▶ _TASK INPUTS_:
^^^^
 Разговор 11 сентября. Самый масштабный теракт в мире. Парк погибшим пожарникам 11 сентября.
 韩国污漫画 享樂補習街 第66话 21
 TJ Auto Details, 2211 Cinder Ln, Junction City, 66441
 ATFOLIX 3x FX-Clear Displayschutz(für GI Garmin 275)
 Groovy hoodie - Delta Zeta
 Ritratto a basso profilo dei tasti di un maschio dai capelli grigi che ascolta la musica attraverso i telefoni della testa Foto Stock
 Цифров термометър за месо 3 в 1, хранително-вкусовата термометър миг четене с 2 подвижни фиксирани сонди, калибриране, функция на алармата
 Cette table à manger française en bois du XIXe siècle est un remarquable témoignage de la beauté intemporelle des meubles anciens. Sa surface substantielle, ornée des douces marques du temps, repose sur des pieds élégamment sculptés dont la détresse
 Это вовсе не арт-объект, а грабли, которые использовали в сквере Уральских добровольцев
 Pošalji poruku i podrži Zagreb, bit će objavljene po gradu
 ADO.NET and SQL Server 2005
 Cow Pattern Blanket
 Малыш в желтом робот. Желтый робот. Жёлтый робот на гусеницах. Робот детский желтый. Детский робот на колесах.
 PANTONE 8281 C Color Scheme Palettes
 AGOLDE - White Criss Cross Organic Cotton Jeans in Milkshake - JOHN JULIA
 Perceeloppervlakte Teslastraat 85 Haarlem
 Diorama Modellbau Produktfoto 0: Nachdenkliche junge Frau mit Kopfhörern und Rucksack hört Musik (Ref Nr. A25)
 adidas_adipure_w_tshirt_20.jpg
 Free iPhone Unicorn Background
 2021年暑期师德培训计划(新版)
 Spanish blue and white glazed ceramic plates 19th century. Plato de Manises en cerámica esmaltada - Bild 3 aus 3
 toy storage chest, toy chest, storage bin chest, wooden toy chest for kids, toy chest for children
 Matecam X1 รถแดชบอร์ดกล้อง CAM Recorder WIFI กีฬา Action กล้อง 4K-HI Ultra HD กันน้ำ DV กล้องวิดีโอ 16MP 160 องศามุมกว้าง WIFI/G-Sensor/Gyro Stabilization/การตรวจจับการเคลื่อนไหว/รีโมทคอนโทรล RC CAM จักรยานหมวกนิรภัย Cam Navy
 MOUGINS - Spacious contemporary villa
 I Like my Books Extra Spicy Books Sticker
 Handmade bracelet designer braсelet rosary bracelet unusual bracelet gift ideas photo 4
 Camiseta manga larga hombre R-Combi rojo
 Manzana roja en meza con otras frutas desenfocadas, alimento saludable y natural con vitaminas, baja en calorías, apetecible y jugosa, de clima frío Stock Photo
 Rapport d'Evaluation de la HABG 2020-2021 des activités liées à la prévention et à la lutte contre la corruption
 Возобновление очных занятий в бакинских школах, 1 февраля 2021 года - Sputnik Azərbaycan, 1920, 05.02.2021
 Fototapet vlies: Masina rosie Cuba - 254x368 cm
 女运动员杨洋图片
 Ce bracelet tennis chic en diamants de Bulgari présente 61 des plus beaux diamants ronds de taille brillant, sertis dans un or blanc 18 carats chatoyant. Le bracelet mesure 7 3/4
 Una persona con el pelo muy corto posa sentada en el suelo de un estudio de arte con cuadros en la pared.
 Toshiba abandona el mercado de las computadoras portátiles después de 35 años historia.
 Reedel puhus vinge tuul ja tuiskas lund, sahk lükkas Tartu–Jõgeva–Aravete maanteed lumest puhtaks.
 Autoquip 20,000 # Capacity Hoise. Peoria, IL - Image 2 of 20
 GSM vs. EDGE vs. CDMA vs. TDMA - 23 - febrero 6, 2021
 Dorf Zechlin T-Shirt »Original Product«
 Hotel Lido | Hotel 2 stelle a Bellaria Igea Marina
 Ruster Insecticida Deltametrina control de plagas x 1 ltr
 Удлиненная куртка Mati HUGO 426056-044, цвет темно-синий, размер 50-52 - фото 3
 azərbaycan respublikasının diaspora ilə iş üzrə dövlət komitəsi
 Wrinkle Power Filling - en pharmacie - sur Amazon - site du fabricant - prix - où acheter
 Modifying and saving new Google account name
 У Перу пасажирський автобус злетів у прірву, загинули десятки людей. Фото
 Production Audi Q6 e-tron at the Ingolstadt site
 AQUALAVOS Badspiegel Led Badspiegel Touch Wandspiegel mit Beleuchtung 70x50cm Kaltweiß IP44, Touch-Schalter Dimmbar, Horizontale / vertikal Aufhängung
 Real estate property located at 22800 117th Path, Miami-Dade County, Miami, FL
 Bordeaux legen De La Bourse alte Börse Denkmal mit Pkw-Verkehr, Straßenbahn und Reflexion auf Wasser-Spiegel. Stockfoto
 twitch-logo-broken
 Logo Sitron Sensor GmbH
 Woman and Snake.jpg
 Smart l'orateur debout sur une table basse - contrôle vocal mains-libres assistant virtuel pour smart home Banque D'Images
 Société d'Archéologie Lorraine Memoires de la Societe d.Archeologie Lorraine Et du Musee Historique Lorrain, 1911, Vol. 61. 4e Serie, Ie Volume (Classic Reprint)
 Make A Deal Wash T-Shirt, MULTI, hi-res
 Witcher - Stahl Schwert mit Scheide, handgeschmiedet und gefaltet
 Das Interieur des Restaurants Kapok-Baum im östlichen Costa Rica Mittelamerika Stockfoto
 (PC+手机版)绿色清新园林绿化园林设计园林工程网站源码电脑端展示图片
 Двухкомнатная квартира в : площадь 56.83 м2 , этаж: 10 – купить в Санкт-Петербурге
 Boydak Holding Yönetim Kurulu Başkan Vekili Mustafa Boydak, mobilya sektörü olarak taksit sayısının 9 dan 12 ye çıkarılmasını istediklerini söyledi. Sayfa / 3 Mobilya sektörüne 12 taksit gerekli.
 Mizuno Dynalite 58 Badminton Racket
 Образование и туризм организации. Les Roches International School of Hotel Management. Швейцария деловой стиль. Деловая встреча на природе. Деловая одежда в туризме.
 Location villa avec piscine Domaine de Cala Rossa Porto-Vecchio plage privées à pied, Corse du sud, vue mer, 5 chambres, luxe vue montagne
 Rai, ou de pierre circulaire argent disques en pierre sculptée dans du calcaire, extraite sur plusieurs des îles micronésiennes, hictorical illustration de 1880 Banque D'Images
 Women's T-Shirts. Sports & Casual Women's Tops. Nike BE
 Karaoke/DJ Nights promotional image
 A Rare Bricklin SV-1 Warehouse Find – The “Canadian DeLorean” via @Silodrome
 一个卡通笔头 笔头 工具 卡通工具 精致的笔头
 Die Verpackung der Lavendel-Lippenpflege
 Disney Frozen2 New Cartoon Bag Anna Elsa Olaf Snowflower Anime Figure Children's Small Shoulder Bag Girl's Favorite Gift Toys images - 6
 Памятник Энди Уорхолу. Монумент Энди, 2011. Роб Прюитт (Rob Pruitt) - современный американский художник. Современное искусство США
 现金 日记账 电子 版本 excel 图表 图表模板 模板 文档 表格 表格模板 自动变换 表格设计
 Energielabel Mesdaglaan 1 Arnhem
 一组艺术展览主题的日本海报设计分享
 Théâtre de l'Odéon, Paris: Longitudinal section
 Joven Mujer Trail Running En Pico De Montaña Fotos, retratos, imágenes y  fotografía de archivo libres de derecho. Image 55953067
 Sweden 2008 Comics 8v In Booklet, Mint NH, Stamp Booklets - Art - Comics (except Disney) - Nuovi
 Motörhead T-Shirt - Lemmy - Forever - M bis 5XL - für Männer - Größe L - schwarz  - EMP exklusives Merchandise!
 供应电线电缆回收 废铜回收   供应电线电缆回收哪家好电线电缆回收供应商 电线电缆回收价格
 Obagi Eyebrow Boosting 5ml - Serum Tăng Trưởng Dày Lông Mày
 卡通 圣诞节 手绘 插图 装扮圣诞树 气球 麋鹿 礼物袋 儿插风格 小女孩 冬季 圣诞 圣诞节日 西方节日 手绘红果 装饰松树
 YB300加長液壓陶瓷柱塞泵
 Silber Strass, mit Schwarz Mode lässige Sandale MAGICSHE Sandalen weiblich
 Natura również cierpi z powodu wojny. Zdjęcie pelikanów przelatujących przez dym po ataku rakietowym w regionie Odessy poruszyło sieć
^^^^
▶ _EXERCISE GOAL_: Only the lines from the one containing "Woman and Snake.jpg" through the one containing "Образование и туризм" are to be retyped, both boundary lines included, with no other material.

▶ _RESULT FOR THIS TASK_:
 Woman and Snake.jpg
 Smart l'orateur debout sur une table basse - contrôle vocal mains-libres assistant virtuel pour smart home Banque D'Images
 Société d'Archéologie Lorraine Memoires de la Societe d.Archeologie Lorraine Et du Musee Historique Lorrain, 1911, Vol. 61. 4e Serie, Ie Volume (Classic Reprint)
 Make A Deal Wash T-Shirt, MULTI, hi-res
 Witcher - Stahl Schwert mit Scheide, handgeschmiedet und gefaltet
 Das Interieur des Restaurants Kapok-Baum im östlichen Costa Rica Mittelamerika Stockfoto
 (PC+手机版)绿色清新园林绿化园林设计园林工程网站源码电脑端展示图片
 Двухкомнатная квартира в : площадь 56.83 м2 , этаж: 10 – купить в Санкт-Петербурге
 Boydak Holding Yönetim Kurulu Başkan Vekili Mustafa Boydak, mobilya sektörü olarak taksit sayısının 9 dan 12 ye çıkarılmasını istediklerini söyledi. Sayfa / 3 Mobilya sektörüne 12 taksit gerekli.
 Mizuno Dynalite 58 Badminton Racket
 Образование и туризм организации. Les Roches International School of Hotel Management. Швейцария деловой стиль. Деловая встреча на природе. Деловая одежда в туризме.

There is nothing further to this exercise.